Рему снится ночами победа над всеми врагами, Ромулу снится сияющий мир из сказок, в которые он не верил даже в детстве, и мертвый отец, и время, потерявшее всякое значение.
Однажды Рем убивает двоих полицейских, Ромул забирает пистолет с дымящегося трупа, и Рем спрашивает:
– Нахуй он тебе, если есть я?
А тот только пожимает в ответ плечами, и бормочет что-то вроде «на всякий случай» – впрочем, Рем его не слушает, убежденный в превосходстве своего дара над любым оружием – и возвращается в машину.
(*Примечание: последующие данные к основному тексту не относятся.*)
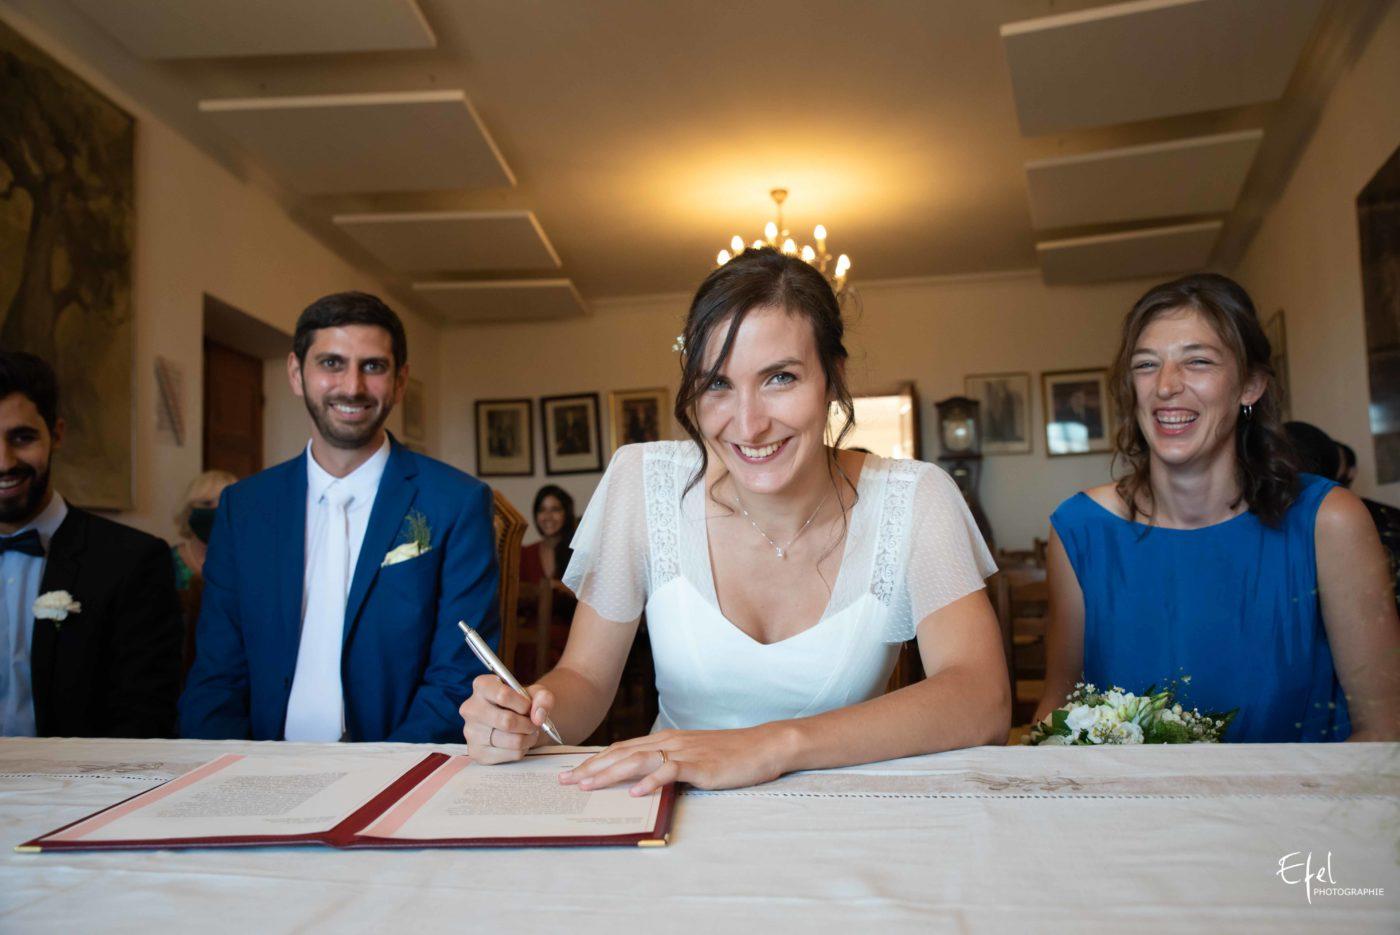 la signature des registres pendant la cérémonie civile - photographe de mariage hautes alpes, gap, alpes maritimes et Provence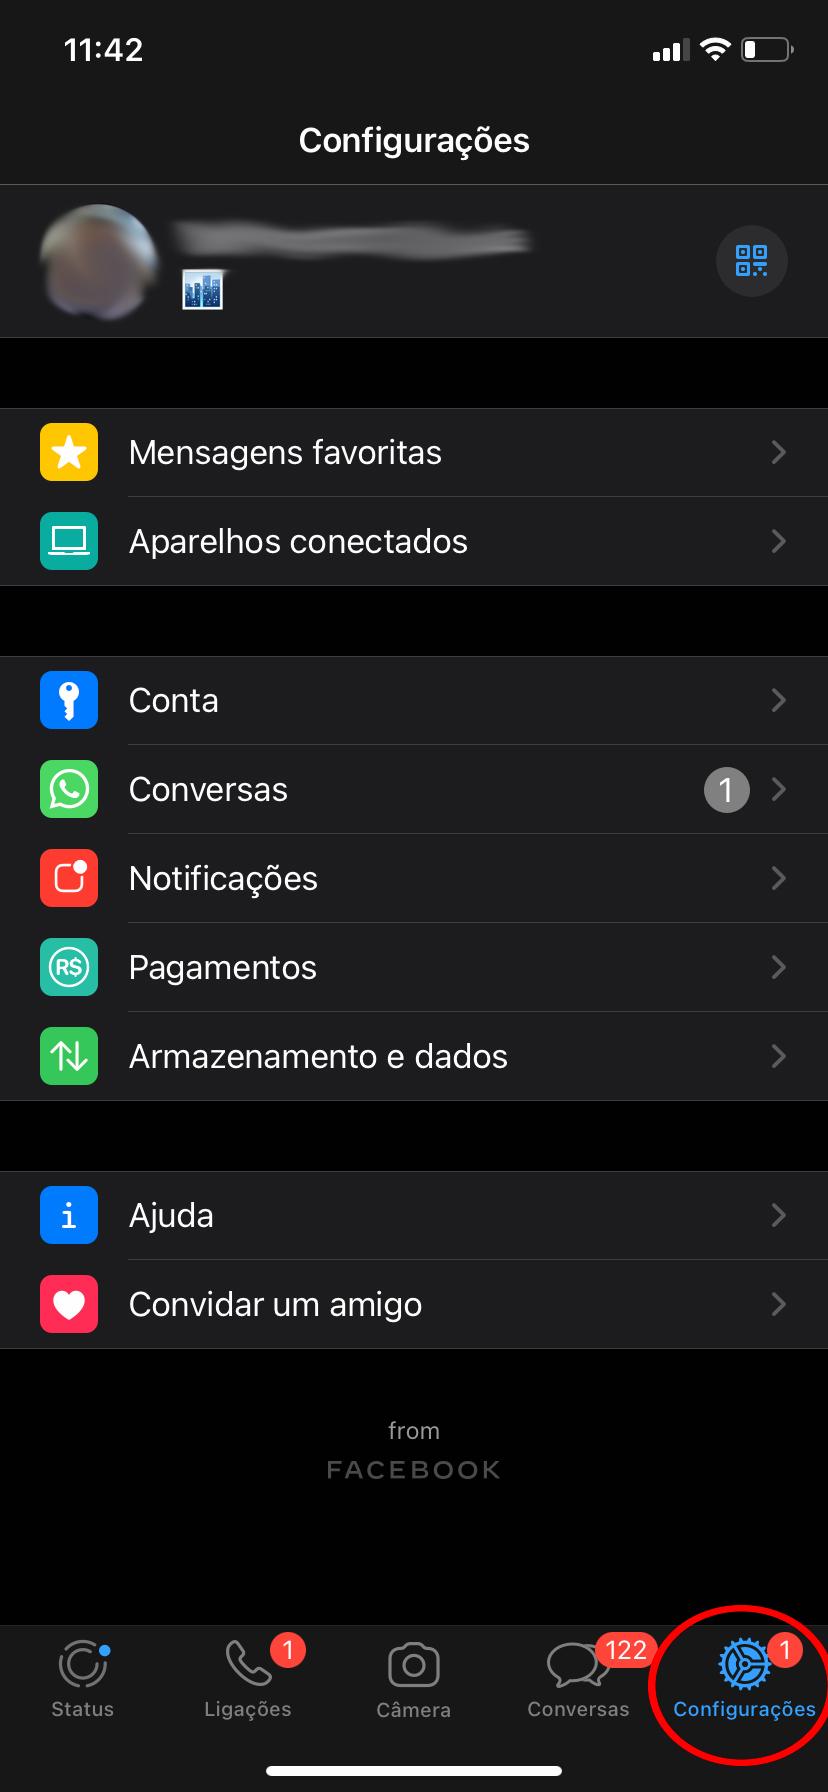 Menu 'Configurações' no sistema iOS (Fonte: TecMundo)

Ни Ромул, ни Рем ни по кому не скучают, никого не жалеют, им кажется, что у них бездна времени.
Однажды, человек, по велению которого земля расступается, как расступалось море перед Моисеем, ловит их, безо всякой приманки. Ему, окруженному людьми, одни из которых могущественны, как боги, а другие – кровожадны, как демоны, есть, чем им угрожать, но Ромул не боится, его ненормальная храбрость передается Рему как болезнь. Незнакомец говорит, что ему нужна помощь в убийстве – и они не отказываются, может быть – не потому, что им нравится убивать, а, может быть – именно поэтому. Рем не видит себя без убийств, потому, что человек, которого он любил больше, чем отца, был убийцей и не стеснялся этого, а в жилах Ромула вместе с кровью течет безумие, поселившееся там, когда он вдохнул ядовитый газ.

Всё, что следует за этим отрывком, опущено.